Beginning with the line that holds "Speedokote High Gloss", copy every remaining line of the listing below exactly, and leave the pictures out.

**INFORMATION SUPPLIED:**
--*--
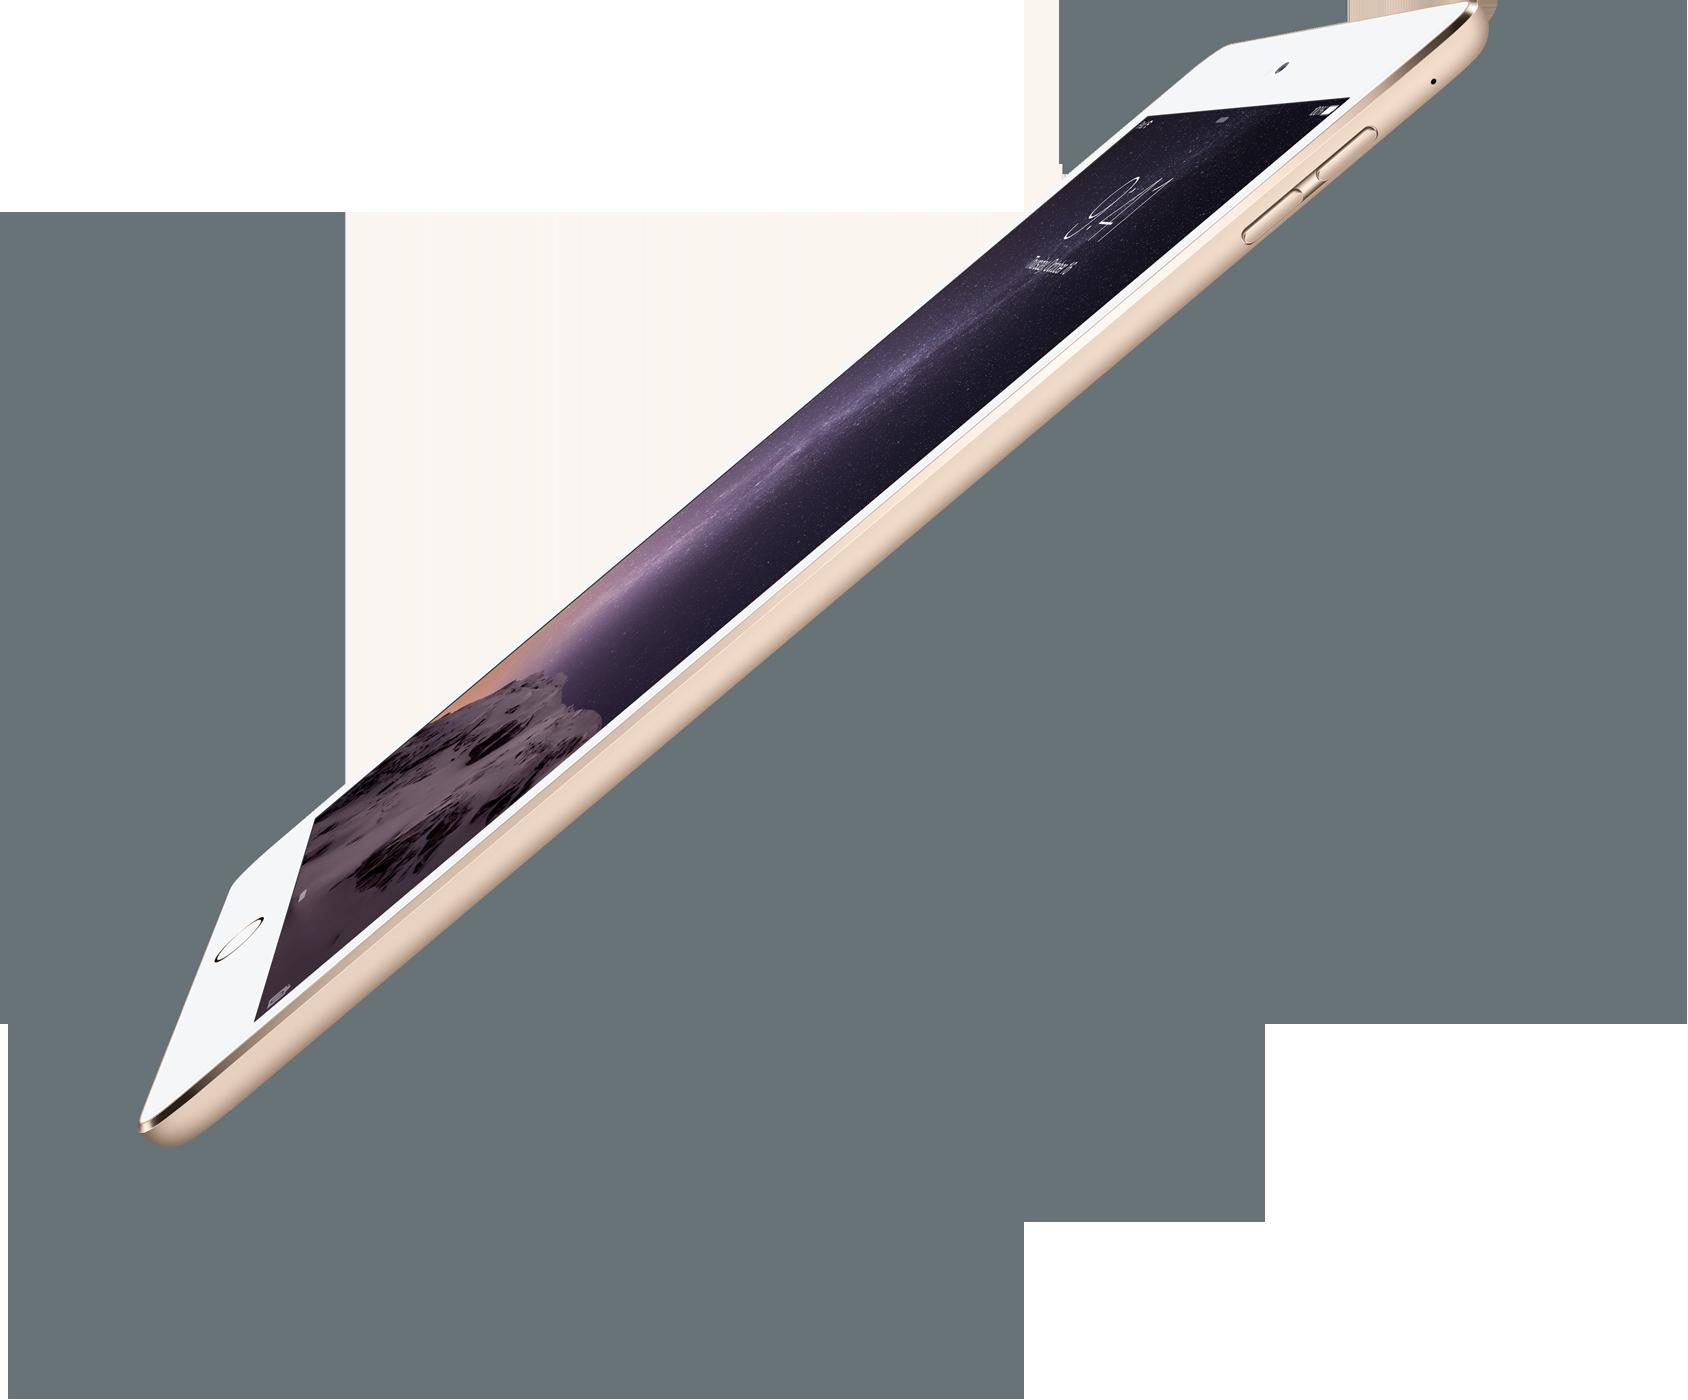 iPad Air 2 gold diagonal sideway
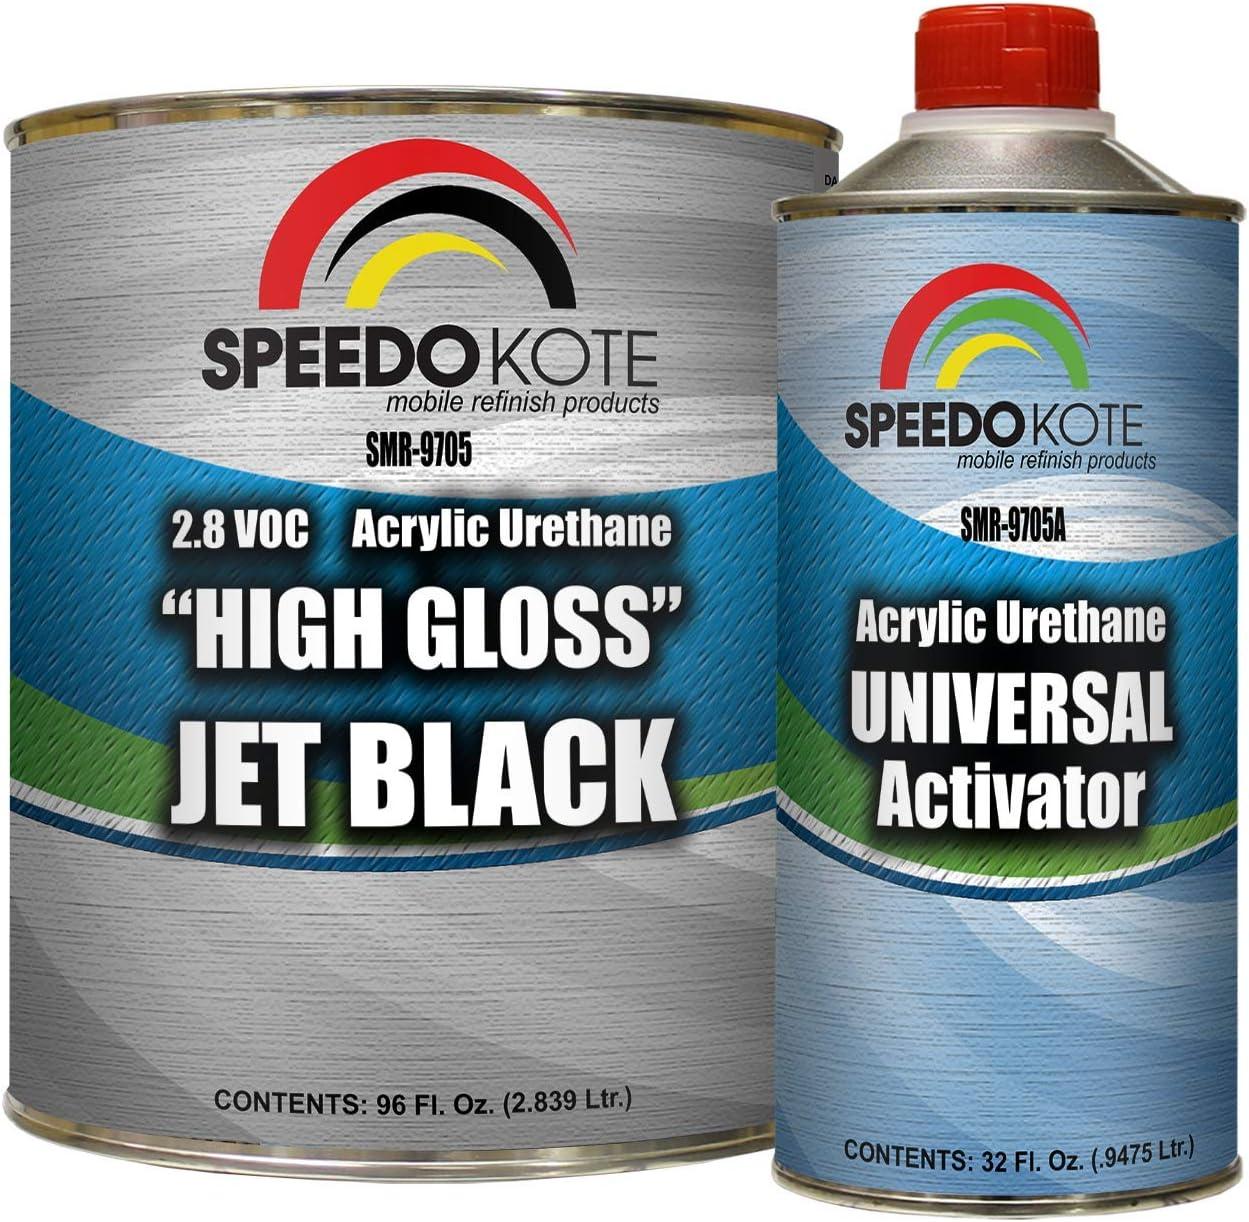 Speedokote High Gloss Jet Black 2K Acrylic Urethane
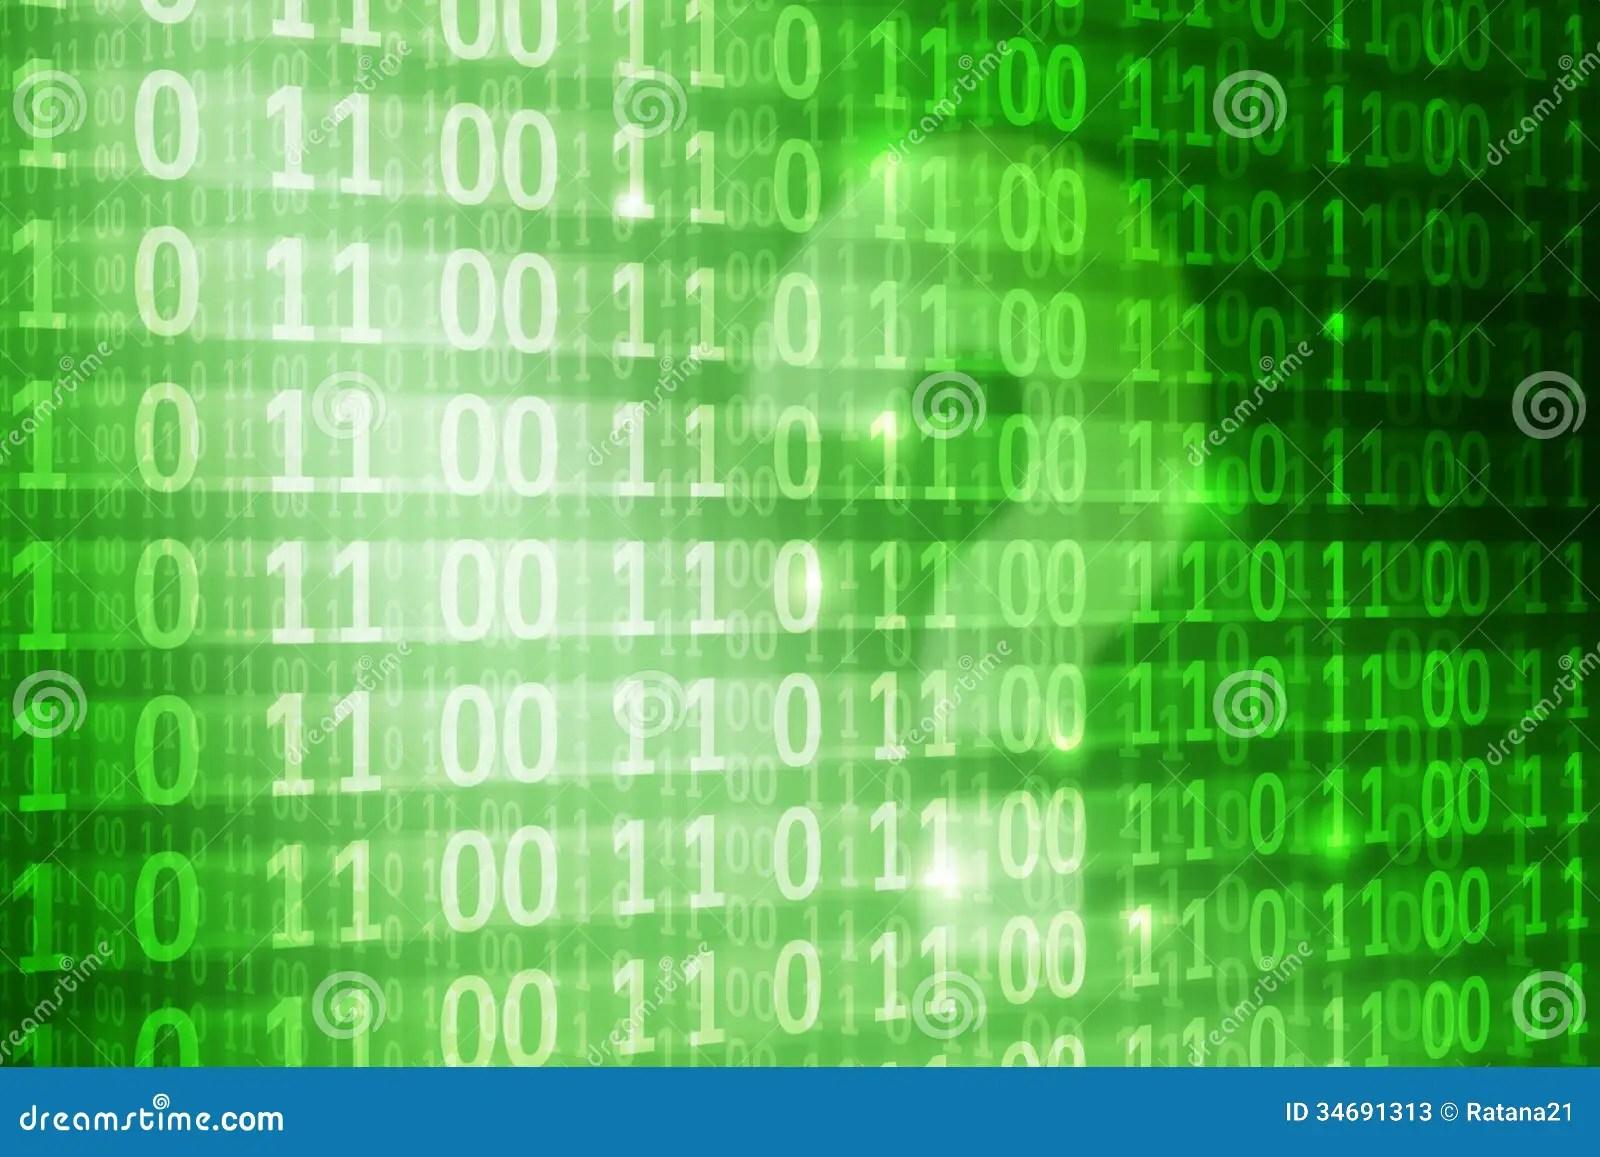 Binary Code Wallpaper Hd Question Mark On Binary Code Background Stock Illustration
--*--
**ANSWER SPACE:**
 Speedokote High Gloss Jet Black 2K Acrylic Urethane
 Binary Code Wallpaper Hd Question Mark On Binary Code Background Stock Illustration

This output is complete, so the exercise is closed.